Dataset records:

------------------------------------------------------------

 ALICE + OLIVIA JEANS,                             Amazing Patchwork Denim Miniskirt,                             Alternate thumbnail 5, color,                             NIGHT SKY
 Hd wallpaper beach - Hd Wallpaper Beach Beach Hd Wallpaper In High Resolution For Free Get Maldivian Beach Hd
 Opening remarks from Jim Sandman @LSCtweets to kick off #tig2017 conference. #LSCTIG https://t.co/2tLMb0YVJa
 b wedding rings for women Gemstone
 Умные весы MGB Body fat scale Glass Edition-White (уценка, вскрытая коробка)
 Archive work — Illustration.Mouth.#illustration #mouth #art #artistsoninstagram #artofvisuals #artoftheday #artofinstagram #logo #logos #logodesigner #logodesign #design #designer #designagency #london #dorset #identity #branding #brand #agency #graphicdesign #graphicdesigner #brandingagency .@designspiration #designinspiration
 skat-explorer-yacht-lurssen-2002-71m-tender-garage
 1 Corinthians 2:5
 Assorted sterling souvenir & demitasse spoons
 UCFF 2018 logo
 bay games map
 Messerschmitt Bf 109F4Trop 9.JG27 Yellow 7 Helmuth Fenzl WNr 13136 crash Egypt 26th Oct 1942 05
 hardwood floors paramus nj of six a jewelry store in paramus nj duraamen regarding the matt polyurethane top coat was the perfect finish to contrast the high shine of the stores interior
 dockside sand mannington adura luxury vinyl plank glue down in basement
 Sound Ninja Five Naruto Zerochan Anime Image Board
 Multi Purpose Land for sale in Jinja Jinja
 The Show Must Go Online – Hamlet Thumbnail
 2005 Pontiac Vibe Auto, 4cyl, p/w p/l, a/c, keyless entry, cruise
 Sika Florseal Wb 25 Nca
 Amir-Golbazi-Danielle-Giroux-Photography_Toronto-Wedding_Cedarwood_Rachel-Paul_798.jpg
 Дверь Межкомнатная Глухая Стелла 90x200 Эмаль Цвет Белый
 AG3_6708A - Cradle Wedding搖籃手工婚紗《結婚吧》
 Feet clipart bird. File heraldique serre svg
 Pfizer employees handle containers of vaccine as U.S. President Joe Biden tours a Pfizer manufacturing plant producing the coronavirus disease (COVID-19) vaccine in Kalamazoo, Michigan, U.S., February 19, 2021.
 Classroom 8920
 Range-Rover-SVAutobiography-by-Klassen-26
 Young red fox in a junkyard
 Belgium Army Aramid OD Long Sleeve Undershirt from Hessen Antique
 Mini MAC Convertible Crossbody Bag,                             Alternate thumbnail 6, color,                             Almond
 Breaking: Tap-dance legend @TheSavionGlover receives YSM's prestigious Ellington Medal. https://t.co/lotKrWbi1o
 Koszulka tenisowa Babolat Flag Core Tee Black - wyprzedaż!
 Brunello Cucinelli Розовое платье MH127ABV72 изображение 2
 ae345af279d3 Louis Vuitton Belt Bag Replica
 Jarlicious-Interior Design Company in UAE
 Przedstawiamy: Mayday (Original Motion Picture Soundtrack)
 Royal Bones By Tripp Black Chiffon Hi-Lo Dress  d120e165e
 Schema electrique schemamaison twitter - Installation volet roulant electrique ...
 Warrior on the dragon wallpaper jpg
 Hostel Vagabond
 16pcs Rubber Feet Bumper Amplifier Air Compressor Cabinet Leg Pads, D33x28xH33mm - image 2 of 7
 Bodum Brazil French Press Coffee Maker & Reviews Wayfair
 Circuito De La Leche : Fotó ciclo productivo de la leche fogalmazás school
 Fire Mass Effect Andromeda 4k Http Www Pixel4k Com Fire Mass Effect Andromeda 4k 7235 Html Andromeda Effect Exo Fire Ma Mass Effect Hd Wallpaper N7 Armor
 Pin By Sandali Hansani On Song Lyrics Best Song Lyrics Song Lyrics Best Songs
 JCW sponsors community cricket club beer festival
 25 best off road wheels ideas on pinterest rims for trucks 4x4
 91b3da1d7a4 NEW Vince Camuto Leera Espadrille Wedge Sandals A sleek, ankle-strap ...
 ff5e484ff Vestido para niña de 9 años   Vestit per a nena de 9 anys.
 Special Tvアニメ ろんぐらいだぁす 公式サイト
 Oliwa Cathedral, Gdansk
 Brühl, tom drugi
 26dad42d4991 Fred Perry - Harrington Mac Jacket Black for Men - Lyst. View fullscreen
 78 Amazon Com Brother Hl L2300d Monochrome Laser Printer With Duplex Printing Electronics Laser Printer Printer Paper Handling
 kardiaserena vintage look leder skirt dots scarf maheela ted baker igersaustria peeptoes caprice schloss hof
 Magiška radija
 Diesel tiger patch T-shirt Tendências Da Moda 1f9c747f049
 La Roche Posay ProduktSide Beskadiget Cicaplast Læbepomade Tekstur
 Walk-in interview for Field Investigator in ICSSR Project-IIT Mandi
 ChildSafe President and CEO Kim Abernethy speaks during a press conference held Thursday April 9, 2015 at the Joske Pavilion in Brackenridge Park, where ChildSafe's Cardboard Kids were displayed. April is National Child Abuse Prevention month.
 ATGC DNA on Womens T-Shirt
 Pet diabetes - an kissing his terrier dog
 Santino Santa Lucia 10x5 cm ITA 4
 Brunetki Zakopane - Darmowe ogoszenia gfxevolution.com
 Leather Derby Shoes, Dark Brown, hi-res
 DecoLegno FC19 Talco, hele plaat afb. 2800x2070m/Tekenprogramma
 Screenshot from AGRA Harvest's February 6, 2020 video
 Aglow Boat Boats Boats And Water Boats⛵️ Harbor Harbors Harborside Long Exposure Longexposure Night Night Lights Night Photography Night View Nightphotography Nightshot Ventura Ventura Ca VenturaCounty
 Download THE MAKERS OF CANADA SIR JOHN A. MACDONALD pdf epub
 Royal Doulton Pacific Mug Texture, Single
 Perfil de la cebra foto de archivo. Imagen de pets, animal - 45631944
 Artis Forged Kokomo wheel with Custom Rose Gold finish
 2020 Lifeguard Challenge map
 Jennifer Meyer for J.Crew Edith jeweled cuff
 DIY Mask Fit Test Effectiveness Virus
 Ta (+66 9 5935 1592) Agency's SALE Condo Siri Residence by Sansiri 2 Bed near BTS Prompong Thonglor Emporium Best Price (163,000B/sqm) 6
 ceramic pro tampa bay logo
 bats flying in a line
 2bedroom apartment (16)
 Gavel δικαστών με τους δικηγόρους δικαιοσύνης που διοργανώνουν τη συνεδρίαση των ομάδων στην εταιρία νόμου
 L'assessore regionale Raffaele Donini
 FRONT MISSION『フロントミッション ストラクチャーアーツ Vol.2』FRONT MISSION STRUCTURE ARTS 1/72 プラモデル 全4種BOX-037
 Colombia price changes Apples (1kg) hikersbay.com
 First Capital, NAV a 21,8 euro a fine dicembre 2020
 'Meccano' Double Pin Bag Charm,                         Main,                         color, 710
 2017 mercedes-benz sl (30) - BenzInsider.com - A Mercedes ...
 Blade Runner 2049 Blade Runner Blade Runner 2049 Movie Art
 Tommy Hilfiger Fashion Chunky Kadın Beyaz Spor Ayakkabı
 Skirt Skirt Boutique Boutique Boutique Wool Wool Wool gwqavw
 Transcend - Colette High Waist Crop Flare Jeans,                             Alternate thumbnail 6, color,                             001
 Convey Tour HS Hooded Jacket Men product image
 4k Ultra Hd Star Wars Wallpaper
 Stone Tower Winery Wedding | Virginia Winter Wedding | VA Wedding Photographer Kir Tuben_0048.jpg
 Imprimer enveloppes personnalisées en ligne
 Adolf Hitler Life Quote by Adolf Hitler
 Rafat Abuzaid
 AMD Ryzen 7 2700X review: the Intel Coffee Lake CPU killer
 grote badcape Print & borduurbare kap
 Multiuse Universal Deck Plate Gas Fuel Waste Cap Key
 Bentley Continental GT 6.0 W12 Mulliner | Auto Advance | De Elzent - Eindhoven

------------------------------------------------------------

- **Task statement**:
Please copy, word for word, every line from the first line of the records through the line containing "Mini MAC Convertible", with both of those lines included and nothing else.

- **Result**:
 ALICE + OLIVIA JEANS,                             Amazing Patchwork Denim Miniskirt,                             Alternate thumbnail 5, color,                             NIGHT SKY
 Hd wallpaper beach - Hd Wallpaper Beach Beach Hd Wallpaper In High Resolution For Free Get Maldivian Beach Hd
 Opening remarks from Jim Sandman @LSCtweets to kick off #tig2017 conference. #LSCTIG https://t.co/2tLMb0YVJa
 b wedding rings for women Gemstone
 Умные весы MGB Body fat scale Glass Edition-White (уценка, вскрытая коробка)
 Archive work — Illustration.Mouth.#illustration #mouth #art #artistsoninstagram #artofvisuals #artoftheday #artofinstagram #logo #logos #logodesigner #logodesign #design #designer #designagency #london #dorset #identity #branding #brand #agency #graphicdesign #graphicdesigner #brandingagency .@designspiration #designinspiration
 skat-explorer-yacht-lurssen-2002-71m-tender-garage
 1 Corinthians 2:5
 Assorted sterling souvenir & demitasse spoons
 UCFF 2018 logo
 bay games map
 Messerschmitt Bf 109F4Trop 9.JG27 Yellow 7 Helmuth Fenzl WNr 13136 crash Egypt 26th Oct 1942 05
 hardwood floors paramus nj of six a jewelry store in paramus nj duraamen regarding the matt polyurethane top coat was the perfect finish to contrast the high shine of the stores interior
 dockside sand mannington adura luxury vinyl plank glue down in basement
 Sound Ninja Five Naruto Zerochan Anime Image Board
 Multi Purpose Land for sale in Jinja Jinja
 The Show Must Go Online – Hamlet Thumbnail
 2005 Pontiac Vibe Auto, 4cyl, p/w p/l, a/c, keyless entry, cruise
 Sika Florseal Wb 25 Nca
 Amir-Golbazi-Danielle-Giroux-Photography_Toronto-Wedding_Cedarwood_Rachel-Paul_798.jpg
 Дверь Межкомнатная Глухая Стелла 90x200 Эмаль Цвет Белый
 AG3_6708A - Cradle Wedding搖籃手工婚紗《結婚吧》
 Feet clipart bird. File heraldique serre svg
 Pfizer employees handle containers of vaccine as U.S. President Joe Biden tours a Pfizer manufacturing plant producing the coronavirus disease (COVID-19) vaccine in Kalamazoo, Michigan, U.S., February 19, 2021.
 Classroom 8920
 Range-Rover-SVAutobiography-by-Klassen-26
 Young red fox in a junkyard
 Belgium Army Aramid OD Long Sleeve Undershirt from Hessen Antique
 Mini MAC Convertible Crossbody Bag,                             Alternate thumbnail 6, color,                             Almond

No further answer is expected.